You should pick up a small jar of Thai Kitchen red or green curry paste. It's in all the grocery stores out here. For your tender lips it will be atomic hot so add it to your curry recipe in blobs you fish out of the jar with a toothpick. Your sweet curry powder will provide the flavor you like and this will provide heat in measurable doses. Play with it and see if you like it.


Blogger Lis said ... (6/20/2006 12:45 PM) : 

hahahahahaaa! So I'm sitting at my desk acting as if I'm alll kinds of consumed by my work when alla sudden I burst out into a huge belly laugh that escaped before I even knew it was happening.. THANK YOU KEVIN. I gotta stop reading comments when I'm at work.. A- I'm gonna get fired, which wouldn't be so bad. B- I'm gonna pee this snazzy fake suede captain's chair due to uncontrollable laughter and that just won't be pretty.
Tonight I'm stopping at a different grocery store across town (only fakkin place that carries my coffee creamer) and I shall buy the Thai Kitchen curry paste and a fresh packet of toothpicks.


Anonymous Anonymous said ... (6/21/2006 10:00 AM) : 


That chicken looks fantastic. While I'm not a huge fan of curry, I'd definitely give it a try if you made it for me!!!

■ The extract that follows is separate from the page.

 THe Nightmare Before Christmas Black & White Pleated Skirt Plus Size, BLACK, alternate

Blogger Acme Instant Food said ... (6/21/2006 12:58 PM) : 



Blogger Lis said ... (6/21/2006 6:18 PM) : 

Ivonne, I'd like be delighted to make this for you! =)

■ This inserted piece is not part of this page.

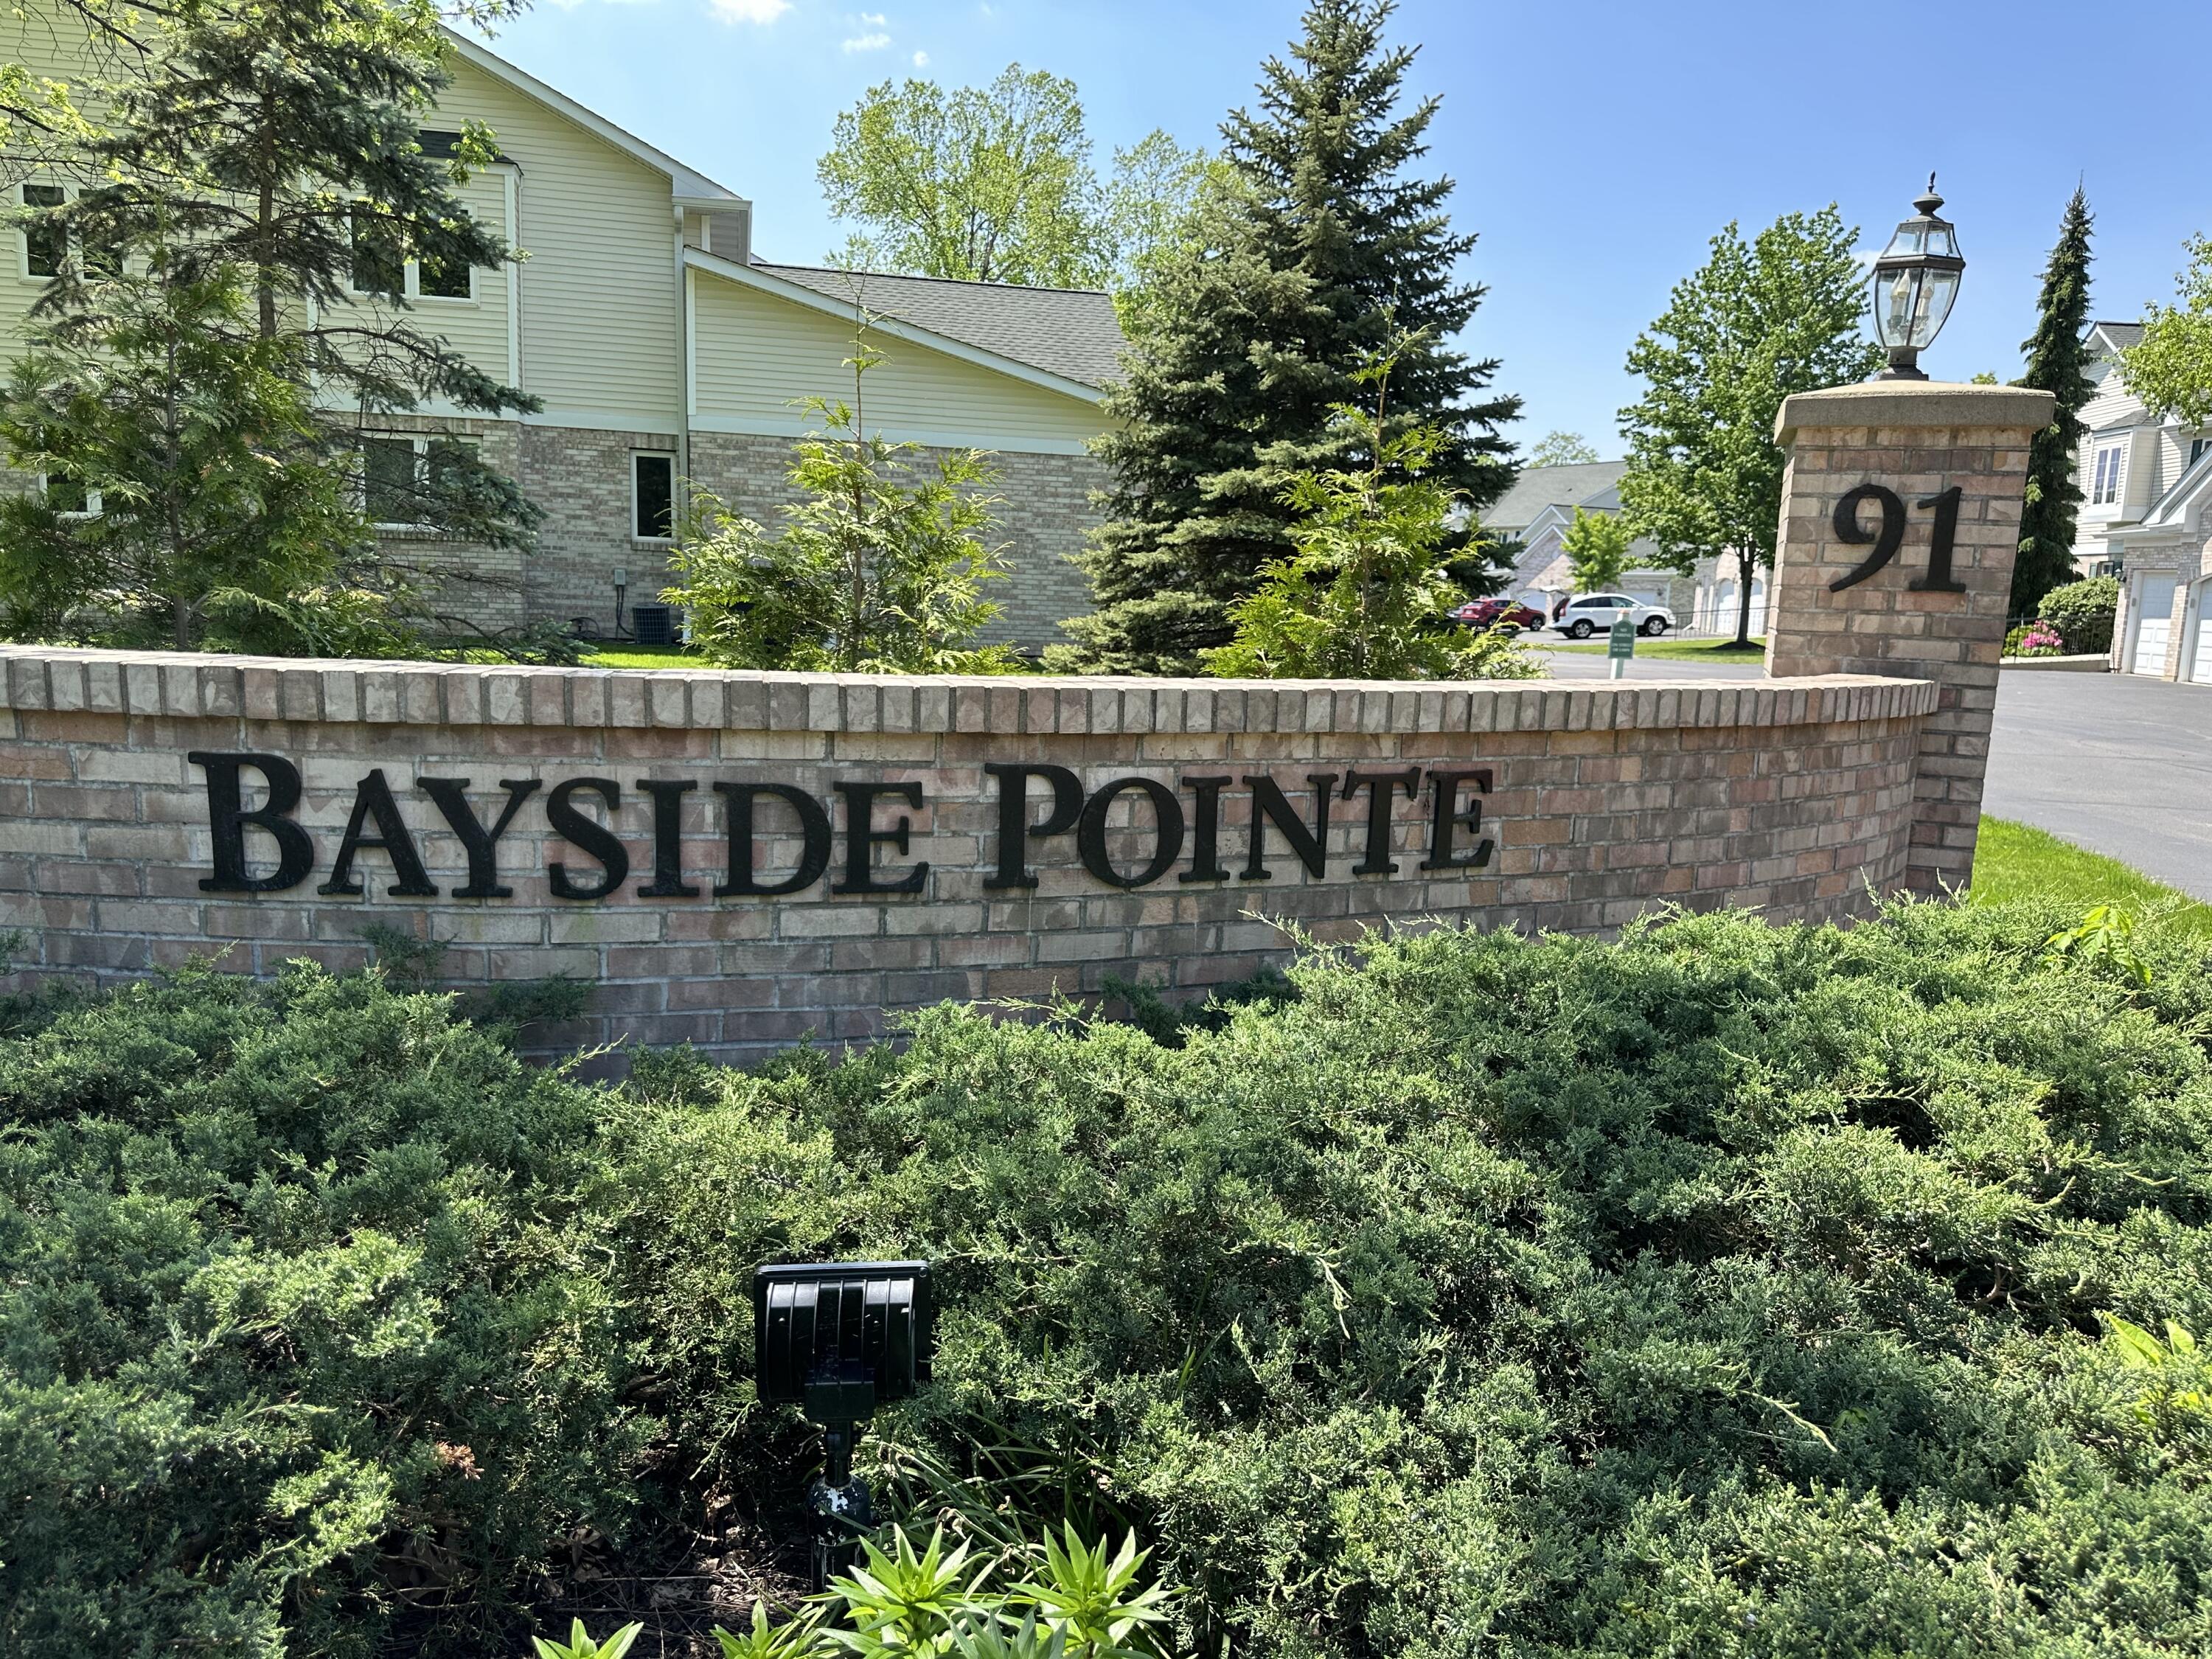 Bayside Pointe

Kevin.. HAR! I shut my office door today when I peeked in.. so my unbridled laughter was at least muffled when I read your comment ;)


Anonymous Anonymous said ... (5/09/2007 11:10 AM) : 

(This is the 2nd time I've seen you lament the lack of heat in that curry powder, so even if the problem has long been solved, I'm de-lurking to throw in my $0.02 --)

Given that curry powders are by definition just mixes of various spices, if the one you're using doesn't have enough of a desired ingredient - go ahead and add it! Most commercial "curry powder" blends are heavy on the turmeric, with not a heck of a lot of heat - if it's yellow, it "must be exotic", but 'ware the hot pepper lest it scare off the generic spice-phobic palate.

It's too bad, really.

Yours sounds like it's missing the cayenne. Why not just add it back in as you're cooking, at the same stage you add the other dried spices? You can get small jars of ground cayenne easily, and this comes with the added bonus of being able to control the heat level to a fine degree :) Added to that, think of all the wonderful opportunities to add a little kick to spaghetti sauce, make penne ala vodka, sneak a tiny bit into the breading for chicken or fish...!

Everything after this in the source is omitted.